It seems a bit odd to convert UTF-8 into EUC and back like this. The
cost of transcoding is admittedly small compared to the cost of using
Perl's UTF-8 regex support for the tests, but I would suggest you
evaluate tokenizers that can work directly in UTF-8. I believe MeCab is
one such tokenizer.
I tried MeCab today. It works fine. I changed code from:
use Text::Kakasi;
my $res = Encode::encode("euc-jp",Encode::decode("utf8",$text));
my $rc = Text::Kakasi::getopt_argv('kakasi','-ieuc','-w');
my $str = Text::Kakasi::do_kakasi($res);
$utf8= Encode::decode("euc-jp",$str);
to
use MeCab;
my @arg = ('dummy', '-Owakati');
my $mecab = new MeCab::Tagger ([EMAIL PROTECTED]);
$utf8 = $mecab->parse ($text);
I compiled Mecab with --with-charset=utf8 option. No charset conversion
is necessary. There is no distinct difference in process time but Mecab
is slightly faster than kakasi.
The result is almost equal but slightly different for Japanese. Mecab
is more sophisticated than Kakasi.
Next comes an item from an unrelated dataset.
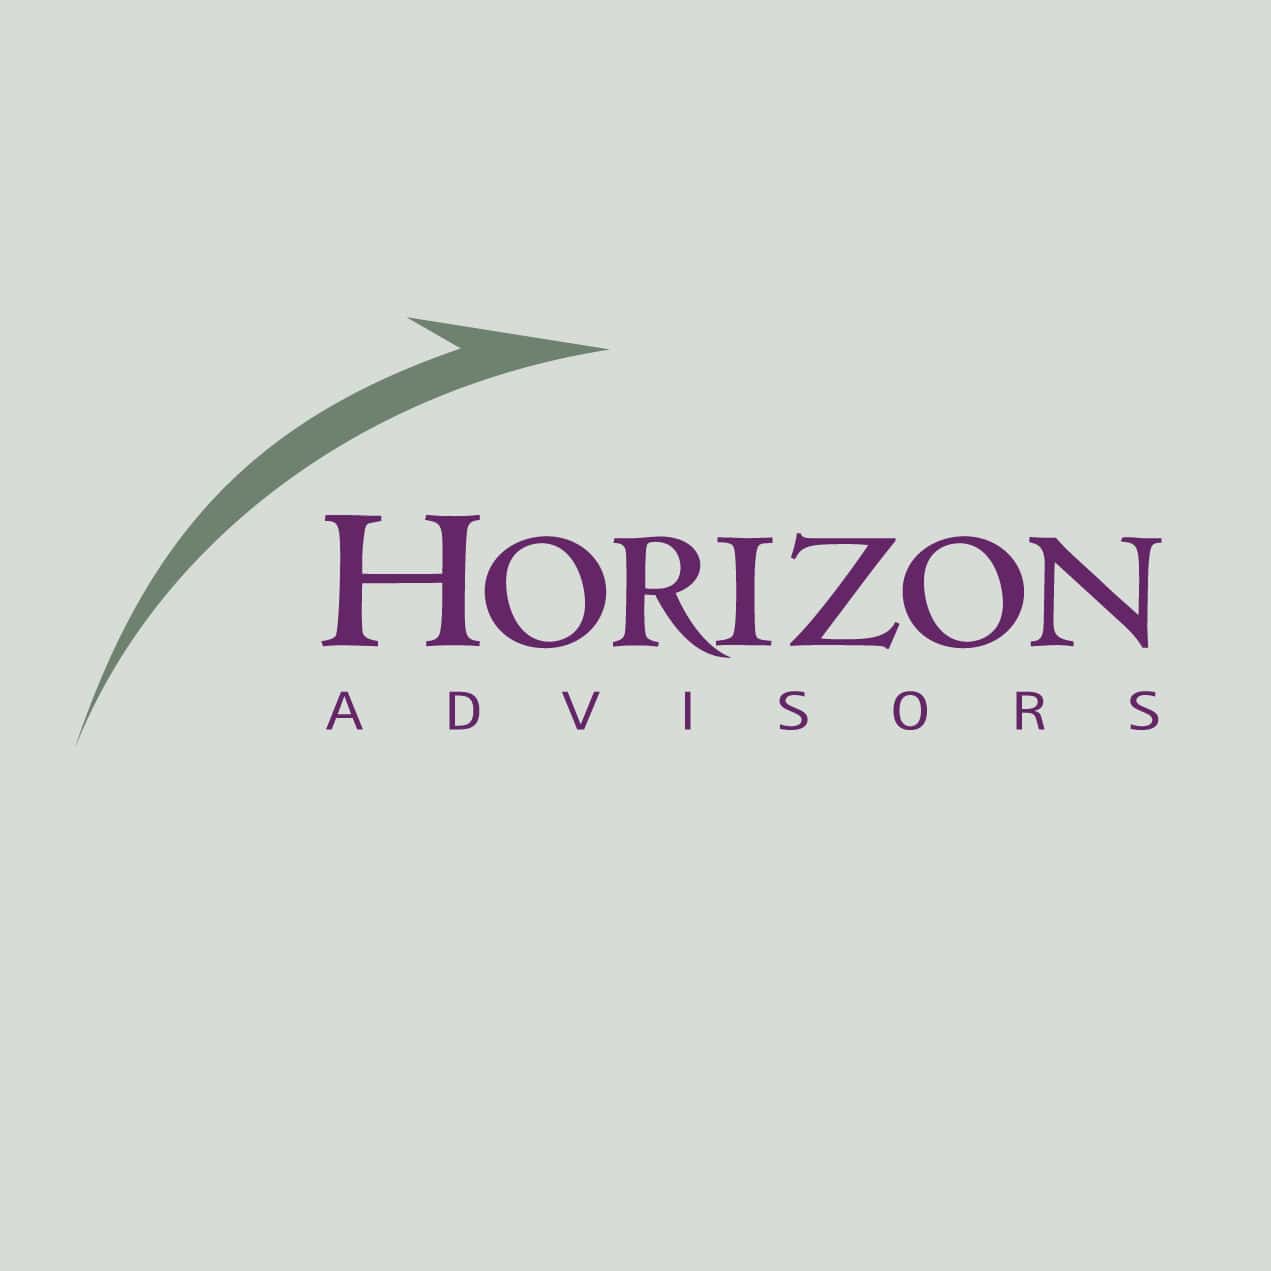 Horizon Wealth Advisors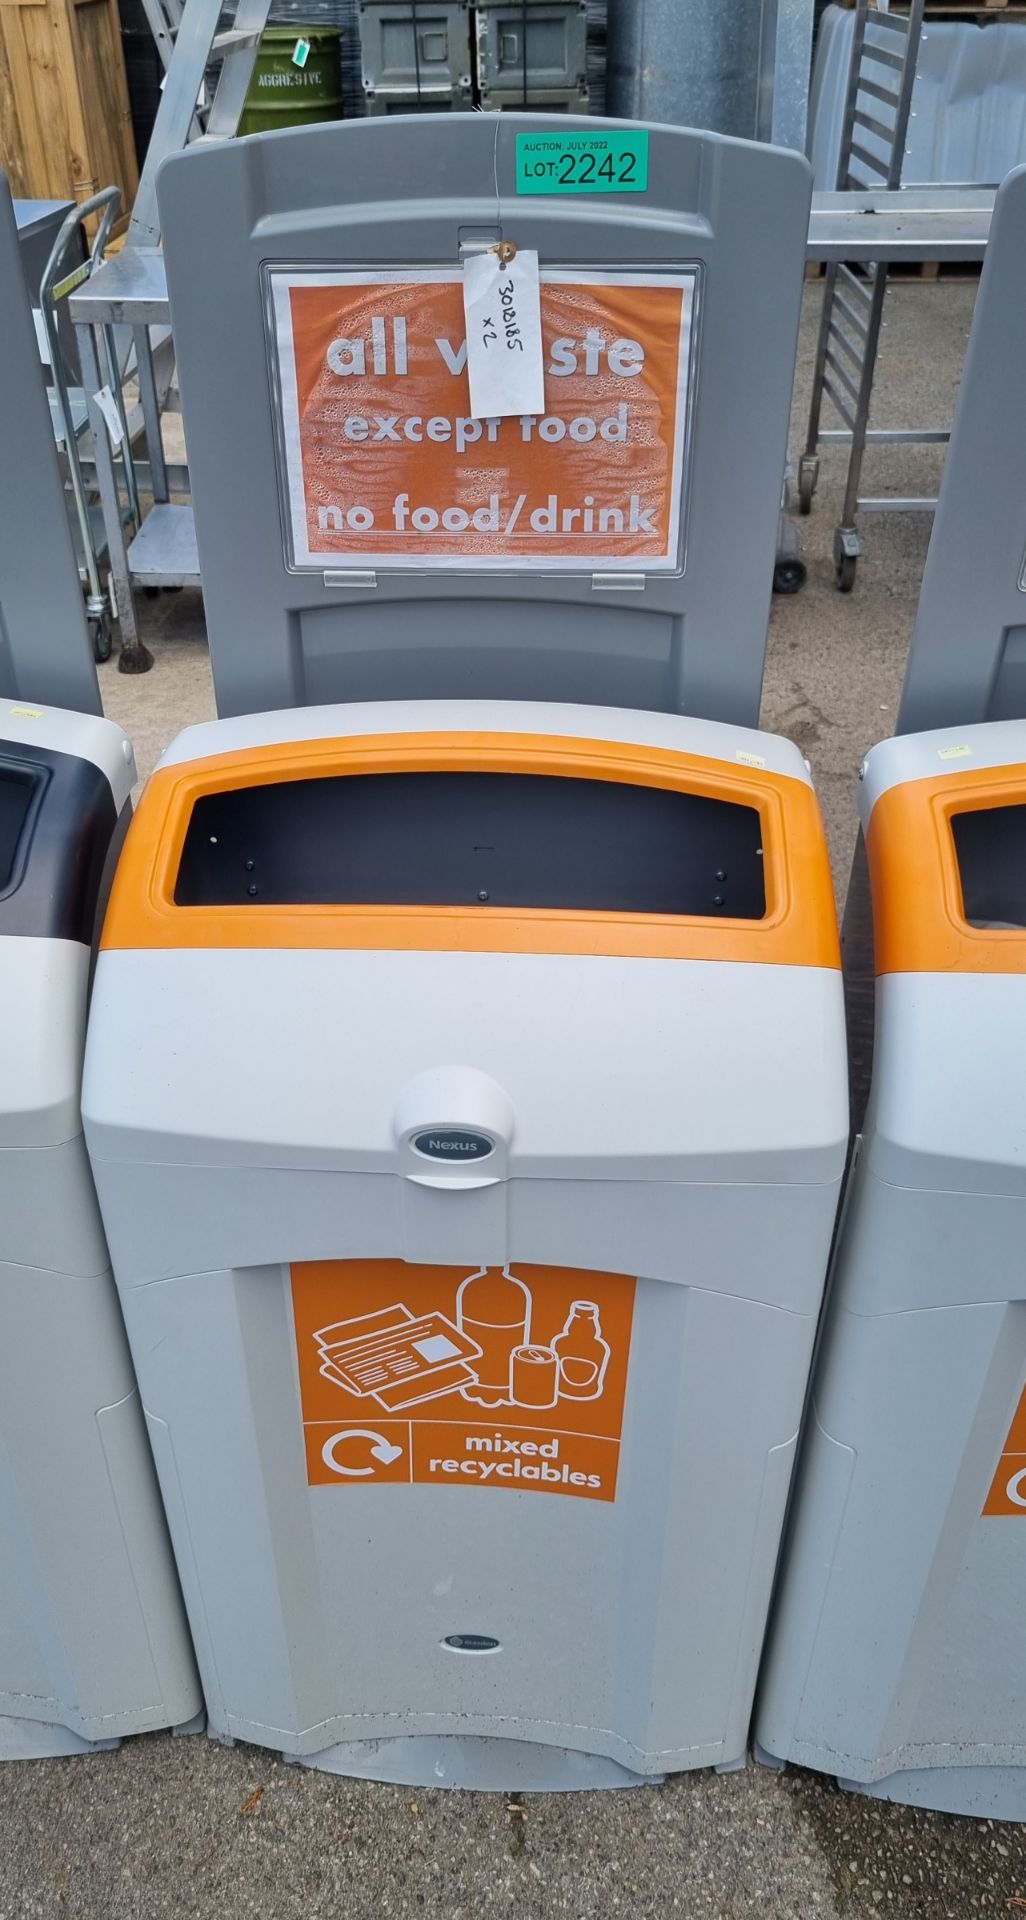 Plastic general waste bin - orange and grey

However Mecab is clever enough to
split english word such like "EUC_JP" to "UEC _ JP",
"http://www.yahoo.com/" to "http :// www . yahoo . com /" Because URL
and e-mail address is an important signature, it may be problematic.
I will ask developer if we can avoid splitting for URL etc.
--
Motoharu Kubo
[EMAIL PROTECTED]